NIPS 2017
Mon Dec 4th through Sat the 9th, 2017 at Long Beach Convention Center
Paper ID:821
Title:Fixed-Rank Approximation of a Positive-Semidefinite Matrix from Streaming Data

Reviewer 1


		
The paper considers the problem of finding a rank k approximation for a PSD matrix A in the streaming model. The PSD matrix is given as a sequence of updates A = A + H where H is a symmetric matrix. The paper considers a variant of a popular Nystrom method for this task. The algorithm stores the product Y = A*Omega where Omega can be a random Gaussian matrix. The paper proposes a different way to recover an approximation to A from Y from previous works. Technically, the paper is very similar to previous works by Gittens and Halko et al.
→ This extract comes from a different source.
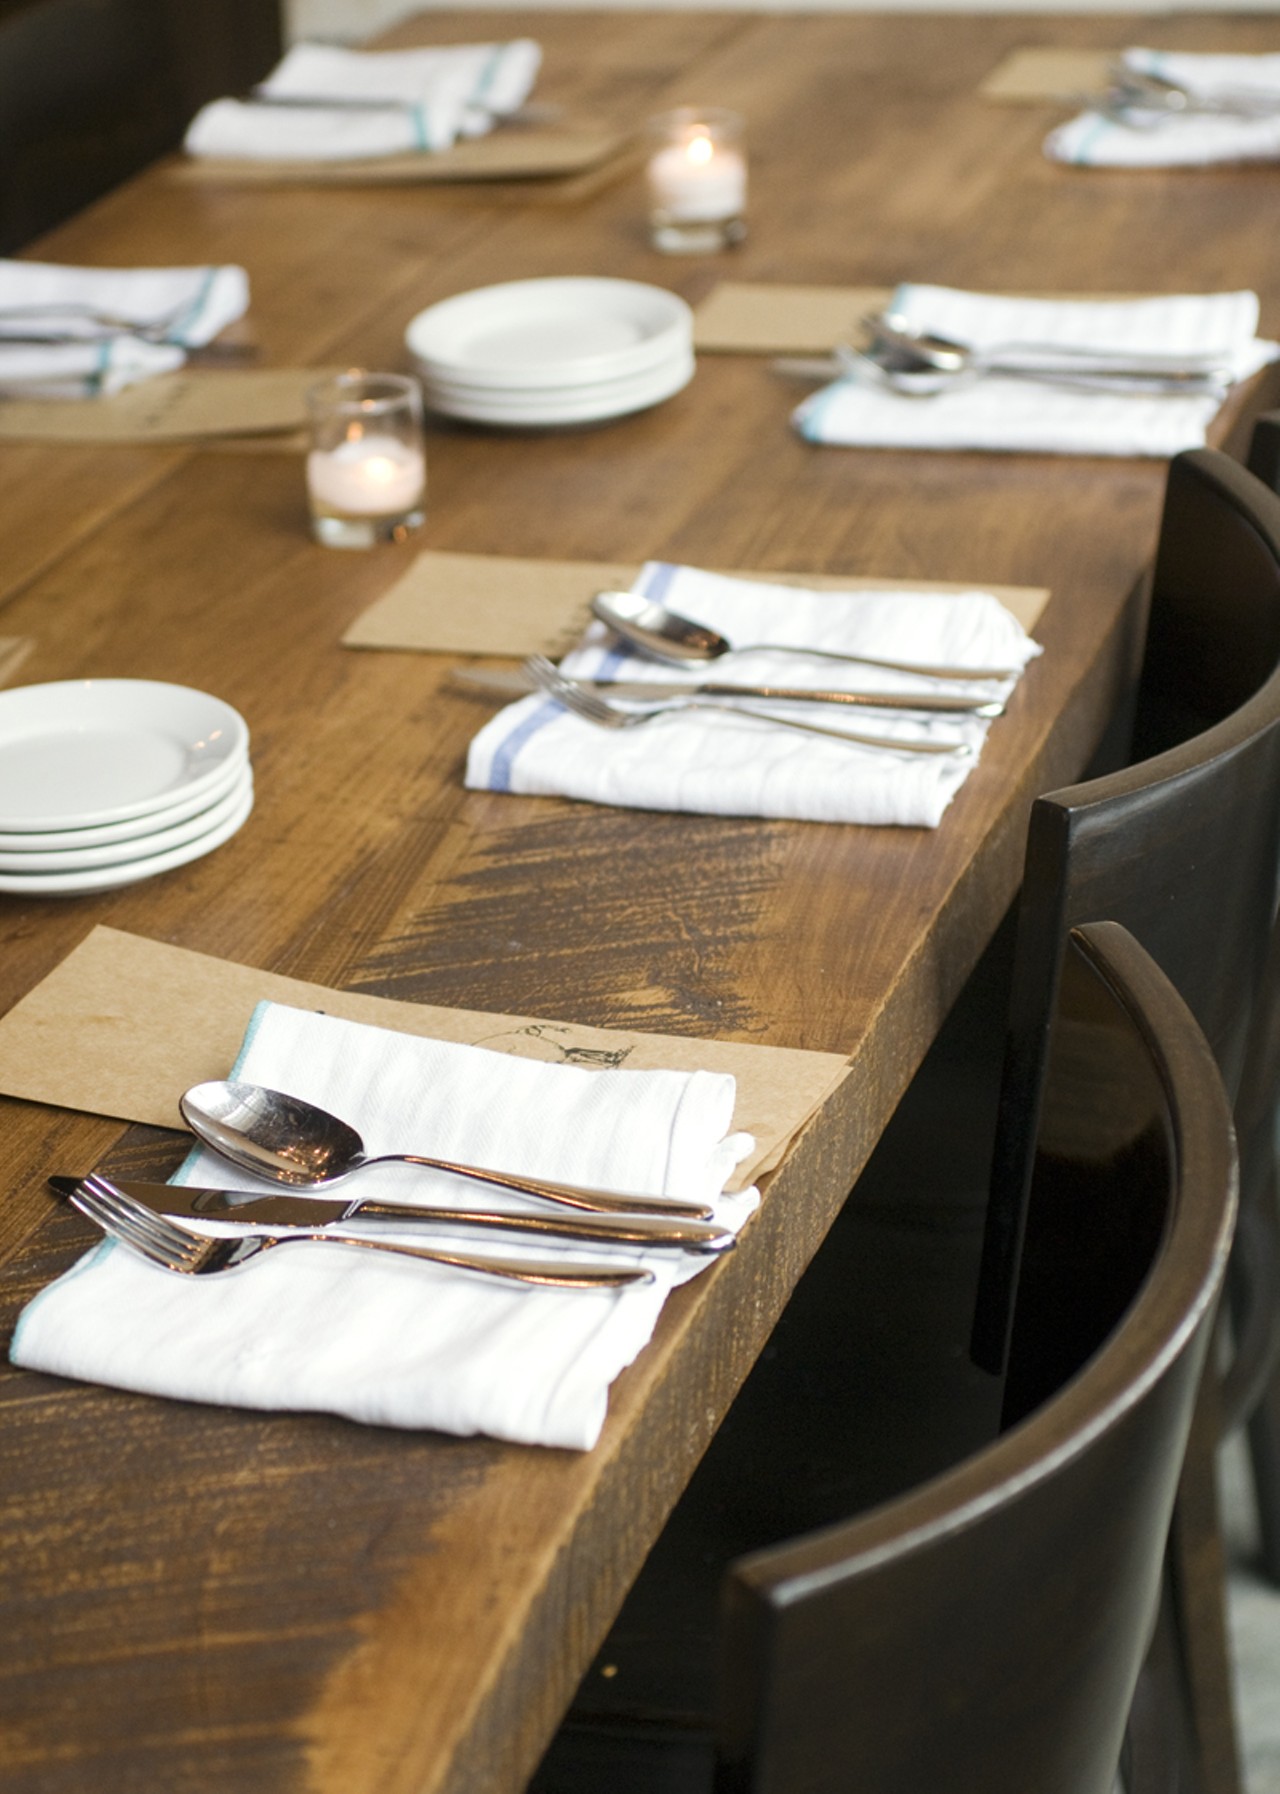 Simply-set tables greet diners when they arrive in the Benton Park restaurant.

The proofs are fairly simple (a bonus in my opinion) as the sketching matrix can be assumed to be Gaussian and the distribution of Y = A*Omega (Omega is the Gaussian matrix) is well understood. The downside is that the proofs are probably hard to generalize to other types of sketching matrices, such as SSFT mentioned in the paper. The experiments are promising as the proposed method seems to outperform previous algorithms. The new algorithm is a small modification of previous algorithms and uses the same sketch: the difference is only in the routine to obtain the approximation from the sketch. Thus, it can be plugged in and replace previous algorithms without much modification to the rest of the system.

Reviewer 2


		
The authors address the problem of fixed-rank approximation of a positive semidefinite (psd) matrix from streaming data. The authors propose a simple method based on the Nystrom approximation, in which a sketch is updated as streaming data comes in, and the rank-r approximation is obtained as the best rank-r approximation to the full Nystrom approximation. For Gaussian or uniformly distributed (Haar) orthogonal sketch matrices, the authors prove a standard upper bound on the Schatten-1 (aka Nuclear) norm of the approximation error. Detailed empirical evidence are discussed, which indicate that the proposed method improves on previously proposed methods for fixed-rank approximation of psd matrices. The paper is very well written and easy to follow. The result appears to be novel. The proposed method admits a theoretical analysis and seems to perform well in practice. Implementation details are discussed. This paper whould be a welcome addition to the steaming PCA literature and is a clear accept in my opinion. Minor comment: - The "experimental results" section does not mention which test matrix ensemble was used, and whether the true underlying rank r was made available to the algorithms. - Some readers will be more familiar with the term "nuclear norm" than with the term "Schatten-1 norm" - It would be nice to discuss the increase in approximation error due to streaming, compared with a classical sketch algorithm that is given all the data in advance.

Reviewer 3


		
This paper describes a different way of estimating a low rank PSD matrix from a sketched PSD matrix. From what I can tell, the main difference is that, in the usual case, the sketched test matrices (Y) may be far from orthogonal, and low-ranking the middle matrix itself may produce bad results. Therefore the paper proposes an efficient way of low-ranking the entire Nystrom-estimated matrix, and shows much better results. I believe this paper is very well written, with context well described and competing methods evenly mentioned. Suggestion: lines 138-143, which essentially just restates alg. 3, is not very enlightening. specifically I don't understand the need for the Cholesky factorization, since it does nothing to make things thinner. We can just as easily take the SVD of Y_nu*B, which is equally thin, and if the shift is large enough then everything should be stable, without the need of the extra factorization step. I suggest replacing this segment with an explanation rather than restatement of the alg.